Flow controls in asynchronous programming are even difficult for experts. Any suspended operation such as sleeping for a while or waiting for something to finish, implies that users have to save states explicitly and restore states in callbacks. Asynchronous code is often written as state machines. A few suspensions are troublesome, but still handleable. The problem is that once the suspension occurs inside a condition, loop or sub-function, it's almost impossible to write such a state machine being understood and maintained by many people, although the scenario is quite common in distributed systems where a node often needs to interact with multiple nodes simultaneously. In addition, if the wakeup can be triggered by more than one events (such as either fd has data or timeout is reached), the suspension and resuming are prone to race conditions, which require good multi-threaded programming skills to solve. Syntactic sugars(such as lambda) make coding less troublesome rather than reducing difficulty.

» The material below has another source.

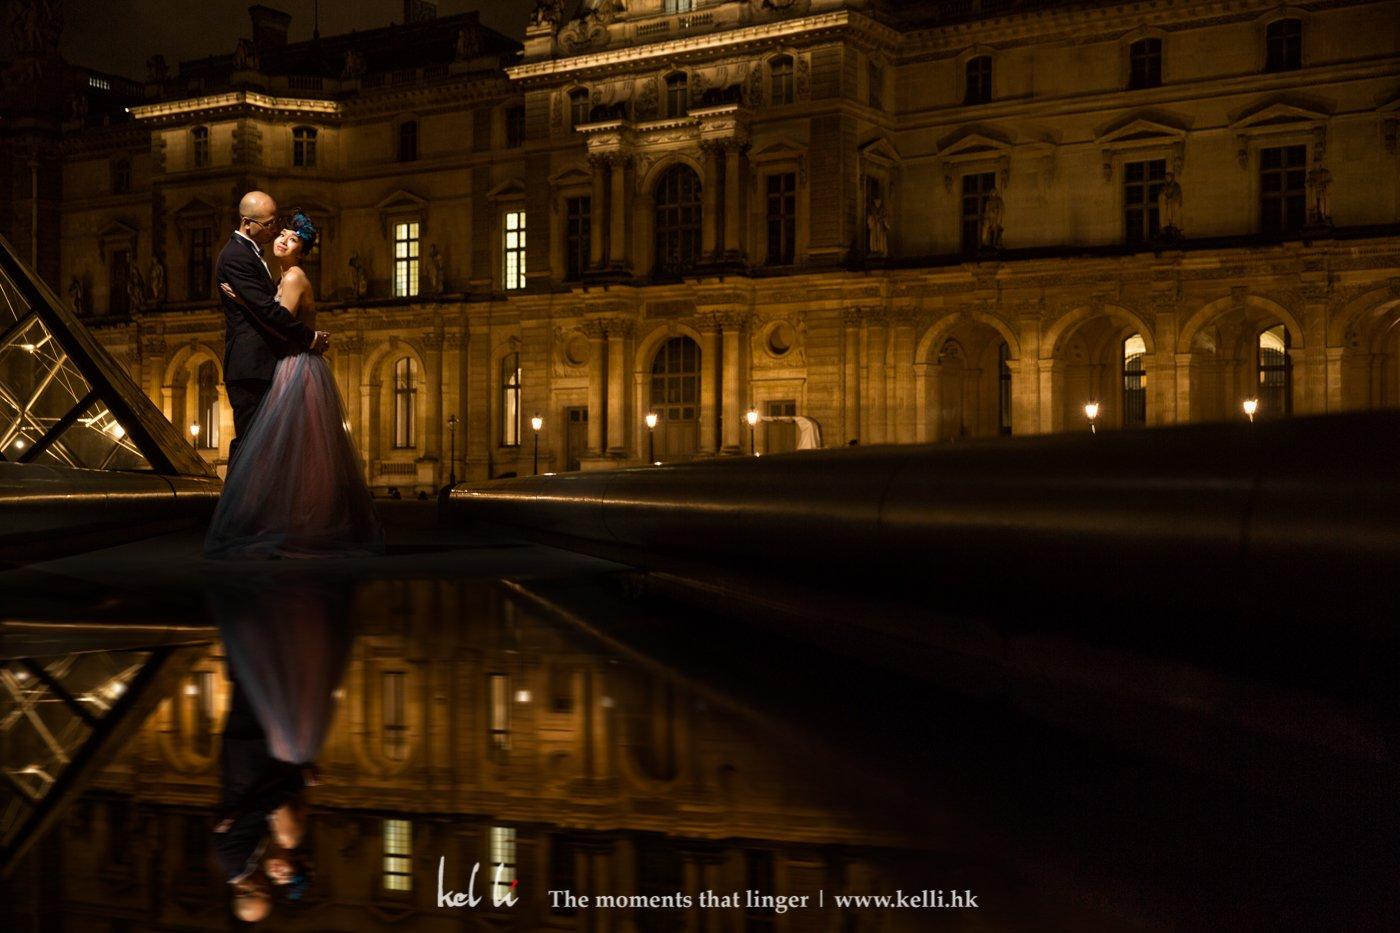 新人在羅浮宮的例影

[RAII](http://en.wikipedia.org/wiki/Resource_Acquisition_Is_Initialization) cannot be fully utilized in asynchronous programming. A more common method is to use shared pointers, which seems convenient, but also makes ownerships of memory elusive. If the memory is leaked, it's difficult to locate the code that forgot to release; if segment fault happens, where the double-free occurs is also unknown. Code with a lot of referential countings is hard to remain good-quality and may waste a lot of time on debugging memory related issues. If references are even counted manually, keeping quality of the code is harder and the maintainers are less willing to modify the code. Without RAII, locks need to be locked before a callback and unlocked inside the callback sometimes, which is very error-prone in practice.